While clever, I'm not sold on this approach for several reasons:
Here's a screenshot of the site frontend on a site where a user might have downloaded some small transparent animated GIFs e.g. from https://slackmojis.com/ and have placed them within block content (or even in a template) where background colors and global styles rules are present. Note that in the top block (where the GIF was uploaded on trunk) the animated gif's transparency is preserved, and the global styles rules for border are applied. Whereas in the converted MP4 there is no transparency and the In my mind this means that implicitly converting and swapping out images is unfortunately going to be a risky flow as it's making too many assumptions about user intent.
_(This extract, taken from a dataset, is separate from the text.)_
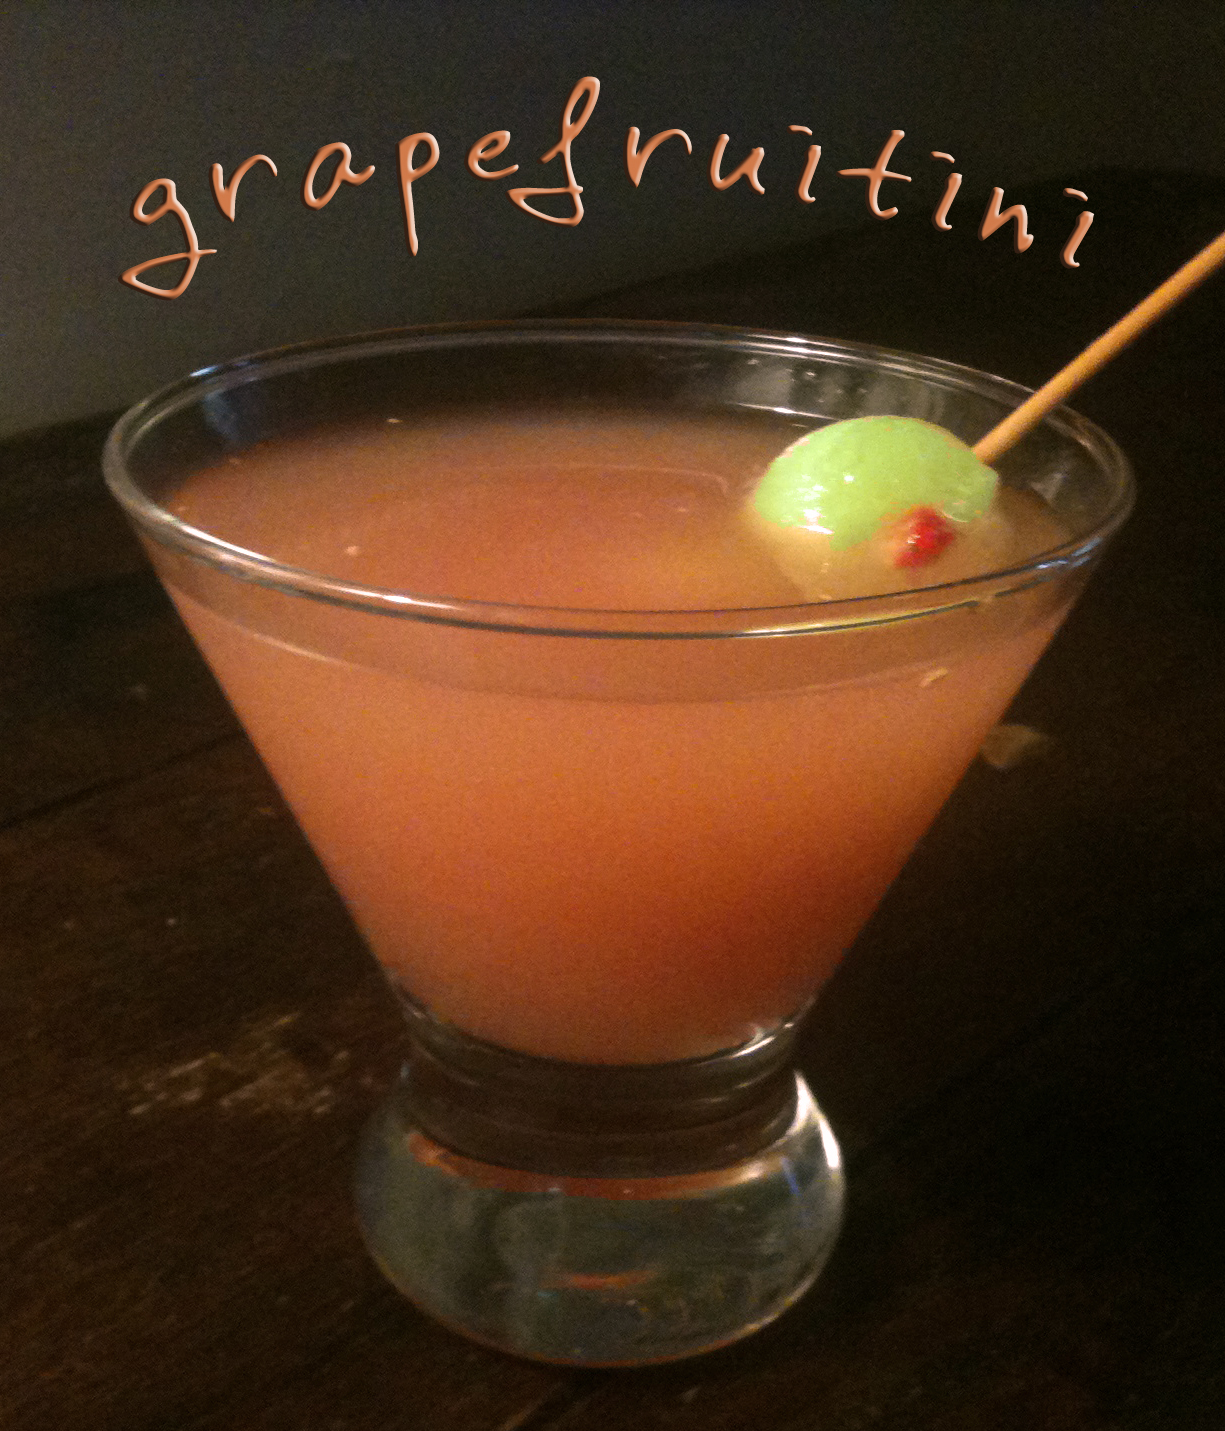 Danielle Hatfield's Grapefruitini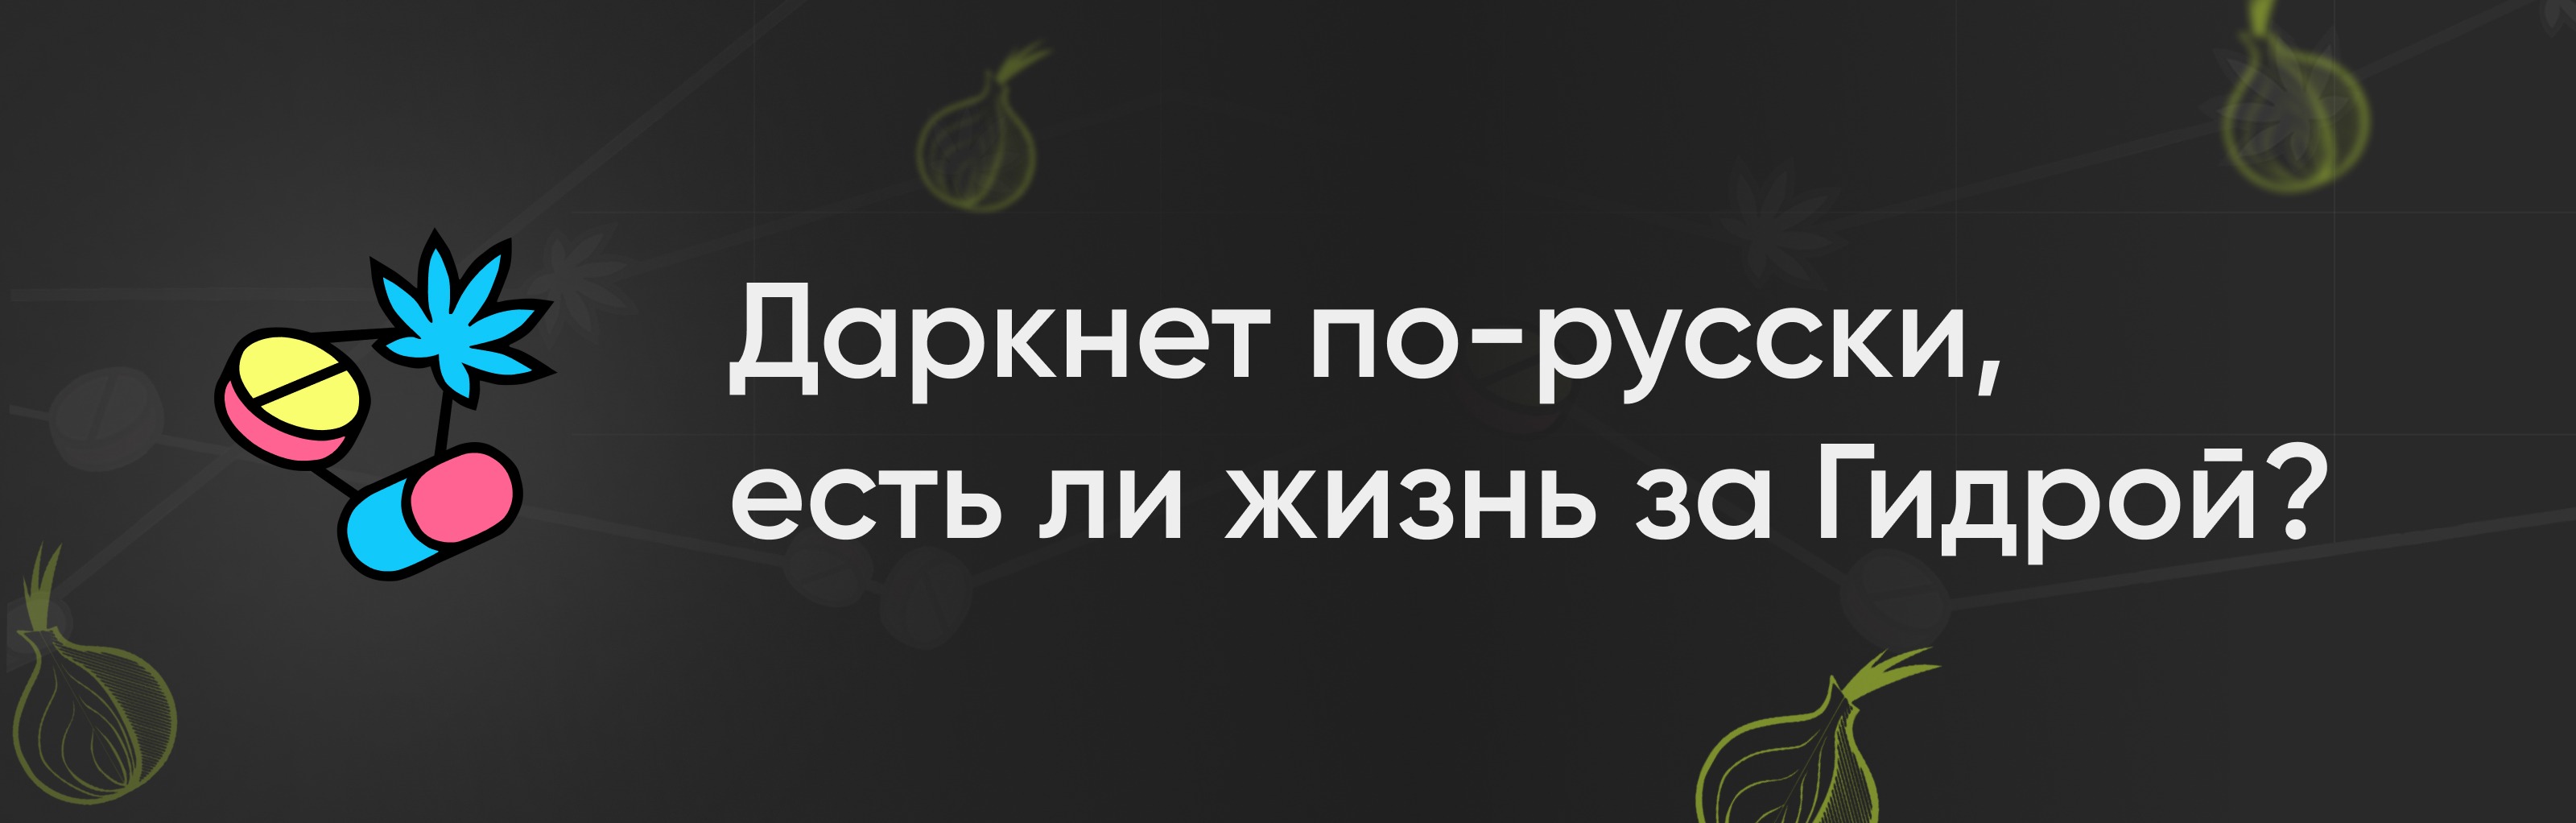 Скачать blacksprut на русском бесплатно для iphone даркнет настройка blacksprut ростелеком даркнет

My preference would be:
Overall, I still think the conversion from GIF -> MP4 is a really cool feature, I'm just not sure it's a feature that the majority of users will want as a default, and I think it's easy for us to accidentally break things if we try to convert or swap things out implicitly. But, again, this is just my take! It could be worth getting some more opinions, too 🙂 |
We could add some transparency detection and not convert the GIF in that case. Transparent videos are kinda possible on the web, but hacky, see https://jakearchibald.com/2024/video-with-transparency/.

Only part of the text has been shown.